A cloud environment is not a replica of an on-premises network or a data center. Unlike traditional data centers which have a rigid IT architecture blueprint, the cloud comes with flexibility that allows users to architect their infrastructure and resources. Within this dynamic space, users can change their infrastructure or decide to go with a different architecture altogether. Further, the way the data transfers and systems communicate differs largely between the cloud and on-premises networks. In the cloud, applications interact with each other using application programming interfaces (APIs). Vendors provide various APIs, such as platform-as-a-service APIs, software-as-a-service APIs and infrastructure-as-a-service APIs for users to connect to their service, transfer data and to manage access to their data and systems hosted in the cloud. These stark differences in IT architecture mean a different approach is necessary when considering cloud and network security.

Traditional Network Security Models Don’t Work in the Cloud

Intrusions are one of the most common threats to on-premises networks. Adversaries try to exploit open ports, vulnerabilities in internet-facing endpoints and more to break into the network. Later, if they’re successful in infiltrating the network, they move laterally to high-profile accounts or critical resources to carry out attacks. They also employ slow exfiltration tactics and techniques to sneak sensitive data out of the network without being detected. Such risks—network penetration and slow exfiltration of data—are irrelevant with regard to cloud security. With the cloud, all that adversaries have to do is take control of the APIs to hijack the resources and steer the sensitive data to their command-and-control server.

According to the 2021 IBM Security X-Force Cloud Threat Landscape Report, two-thirds of cloud incidents can be attributed to misconfigured APIs that allow unauthorized access. As businesses rush to the cloud, many will likely fall victim to misconfigurations and subsequent breaches in 2022. Gartner expects that through 2023, at least 99% of cloud security failures will be through cloud resource misconfigurations.

What’s the Fix?

Every cloud vendor has its own resource types, configuration attributes, APIs and interfaces. If an organization adopts a multi-cloud environment, the complexity of governing the many APIs and interfaces becomes overwhelming. Setting up cloud policies, controls and configuration attributes isn’t a one-time effort. Post-deployment configuration changes, or drift, can also lead to huge data leaks if not monitored constantly.

Here are two major ways to avoid security threats:

Get to know your cloud: Most misconfigurations occur due to a lack of visibility. Gain visibility into the different communication points by constantly auditing security policies and controls. Looking out for major changes and analyzing the legitimacy of a policy change can save you from disastrous misconfigurations.

Get to know your users: Monitor all users who have access to your cloud resources and data. With increased cloud adoption, malicious API traffic has also increased. So it’s important to understand cloud traffic patterns, the services or applications employees use and the source of incoming cloud traffic.

While visibility, shadow IT and traffic monitoring concerns can be addressed using a robust cloud access security broker (CASB) solution, detecting and fixing misconfigurations across the infrastructure, platform and software hosted on the cloud can be done using cloud security posture management (CSPM) tools. A security information and event management (SIEM) tool, with its behavioral analytics and extended detection and response (XDR) component, can complement CASB and CSPM solutions in ensuring cloud security.

A Unified Console

Organizations are adopting different tools to address security concerns, such as keeping shadow IT in check, stopping malicious API traffic, ensuring that the right security policies and controls are employed and detecting and fixing misconfigurations. When these tools are disjointed and don’t communicate with each other, it adds more complexity. A unified console can seamlessly orchestrate different security events and tools, display applicable metrics that help resolve these issues and is both efficient and cost-effective.

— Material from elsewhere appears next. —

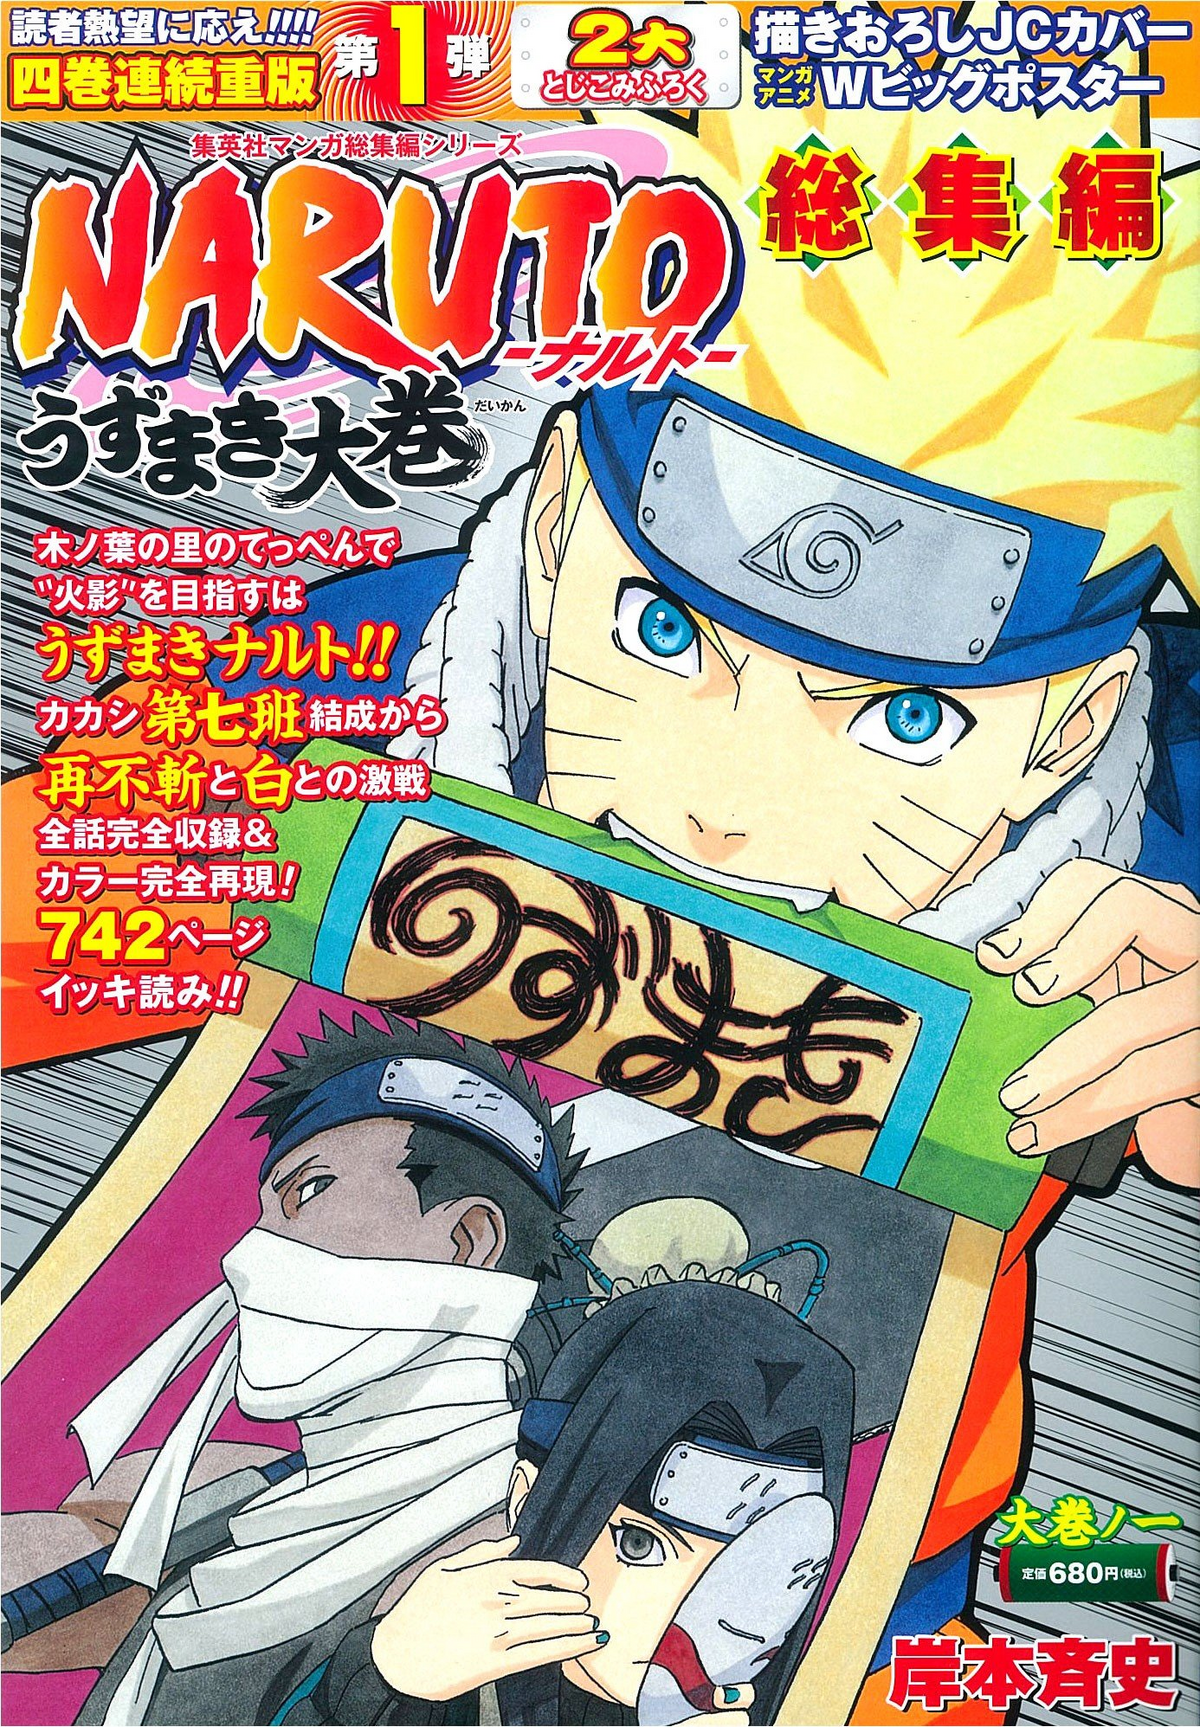 Naruto Vol. 35 – Nova Dupla Inimiga

The cybersecurity market has already learned the importance of security tool convergence. User and entity behavioral analytics, which was a standalone component for quite some time, converged predominantly with SIEM. Other security tools, such as threat intelligence platforms, security orchestration, automation and response (SOAR) and XDR are also getting consolidated within the bigger platform, SIEM. Such consolidation helps businesses formulate stronger security strategies and defense systems to keep attackers at bay.

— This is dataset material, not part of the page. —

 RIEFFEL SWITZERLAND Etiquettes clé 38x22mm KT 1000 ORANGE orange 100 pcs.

SIEM tools act as a platform where all security data are consolidated and analyzed. Contextual security inputs such as threat feeds, malware data points and vulnerability scanners’ inferences are fed to the system for effective analysis. With an artificial intelligence or machine-learning-based behavioral analytical component, security events are better analyzed and any red flags are spotted more accurately. With an effective SOAR or XDR component integrated with the SIEM tool, incident resolution becomes easier and the security operations center (SOC) can keep track of its key metrics. The cybersecurity market has learned from the past and, with the increase in cloud adoption, tools such as CSPM and CASBs are also taking their place in bigger platforms such as SIEM.